Benzene  is the main toxin in the hydrocarbon fraction of exhaust. Benzene and other less known hydrocarbons are produced in petroleum refining, and are widely used as solvents and as materials in the production of various industrial products and pesticides. Benzene also is found in gasoline and in cigarette smoke. Other environmental sources of benzene include gasoline (filling) stations, underground storage tanks that leak, wastewater from industries that use benzene, chemical spills, and groundwater next to landfills containing benzene. Exposure to benzene can cause cancer, especially leukemias and lymphomas. Benzene has a suppressive effect on bone marrow and it impairs blood cell maturation and amplification.
Polycyclic aromatic hydrocarbon (PAH)
PAHs are a group of chemicals that are formed during the incomplete burning of coal, oil and gas, garbage, or other organic substances. PAHs can be man-made or occur naturally. A few of the PAHs are used in medicines and to make dyes, plastics, and pesticides. They are found throughout the environment in the air, water and soil. There are more than 100 different PAH compounds. Although the health effects of the individual PAHs vary, the following 15 PAHs are considered as a group with similar toxicity: acenaphthene, acenaphthylene, anthracene, benzanthracene, benzopyrene, benzofluoranthene, benzoperylene, benzofluoranthene, chrysene dibenzanthracene, fluoranthene, fluorene, indenopyrene, phenanthrene, pyrene.
Long term solutions require reduced combustion of all kinds. While vehicles with new energy sources such ethanol, biofuels, propane and natural gas can contribute to reduced air pollution, their benefit is limited if vehicle use continues at current intensities. If you pay more money to buy a hybrid car, but drive it more, you have contributed little to solving air pollution problems. If you buy a gas guzzling clunker and use only one gallon of gas to go 15 miles each week, you have contributed more to the solution.
The problem with all alternative fuels is that the manufacture of fuels requires energy, distribution with a manufacturing infrastructure that consume energy, often derived from burning fossil fuels. No alternative fuel is ideal.
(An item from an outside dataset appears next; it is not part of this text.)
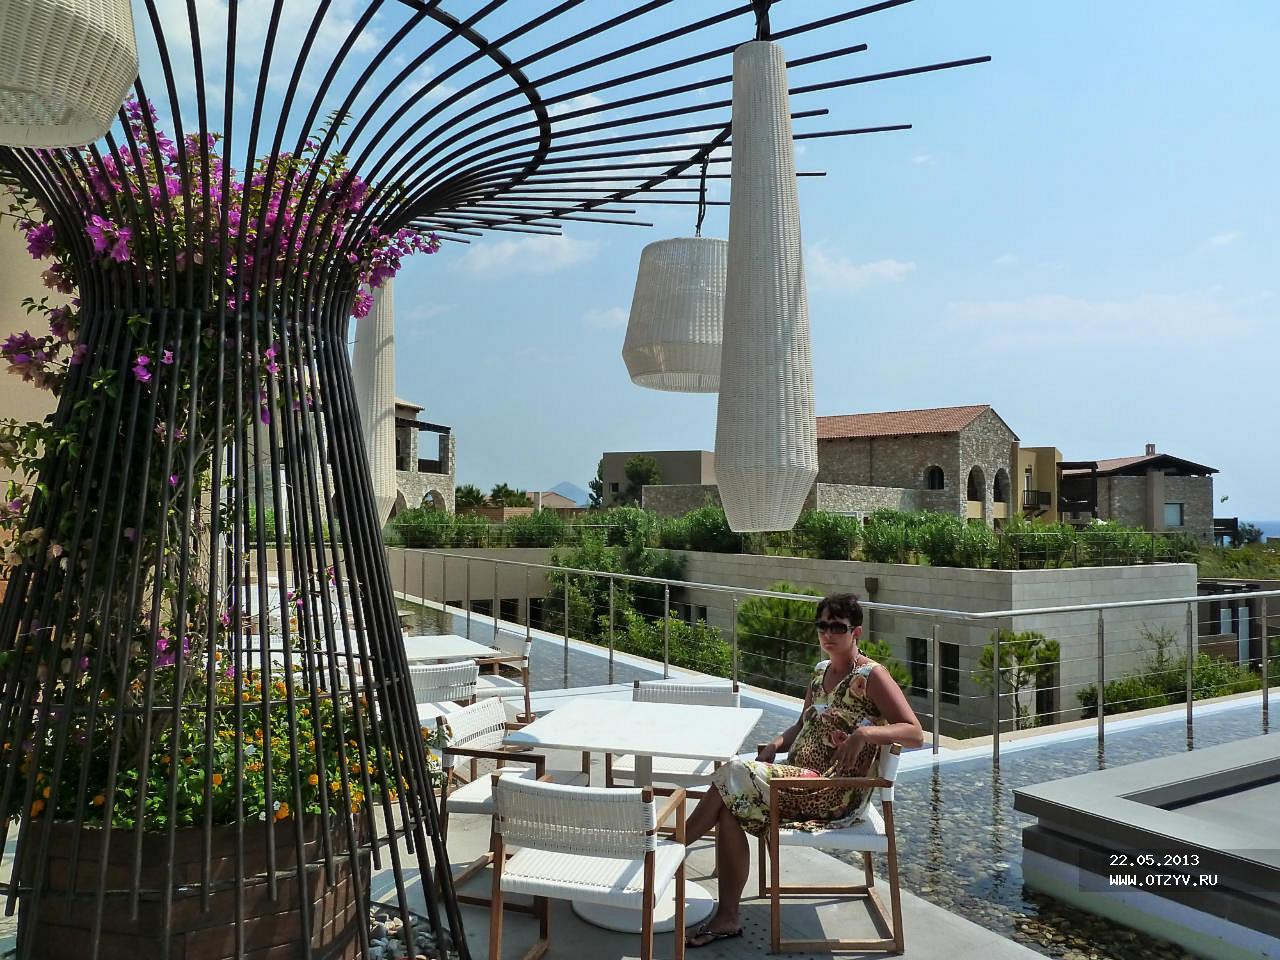 The Westin Resort Costa Navarino

See Switch to Biofuels
Hydrogen  Ultimately cars might burn hydrogen in fuel cells, but despite working prototypes, a hydrogen economy is a distant fantasy. There are many problems to be solved before hydrogen can replace fossil fuels as a portable energy source. The biggest problem is that producing hydrogen requires a large amount of energy. In Canada, there are opportunities to dam rivers and produce electricity with falling water, a non polluting, renewable energy resource. A more problematic energy source would be be nuclear reactors that "burn" uranium or plutonium. Even if new non-polluting energy sources are developed,  hydrogen storage and distribution requires a new, very expensive infrastructure that could replace gasoline and diesel fuels. 
With once rich countries such as the USA on the verge of bankruptcy and facing the extensive repairs of already aging, derelict infrastructures, adding a new, unprecedented development costs seems unlikely. Unless, of course the priorities in the US shift dramatically. The US, for example, could adopt a sane, smart strategy, reduce its military budget by 50% and invest the money and skills in rebuilding the country's infrastructure with new sustainable energy sources.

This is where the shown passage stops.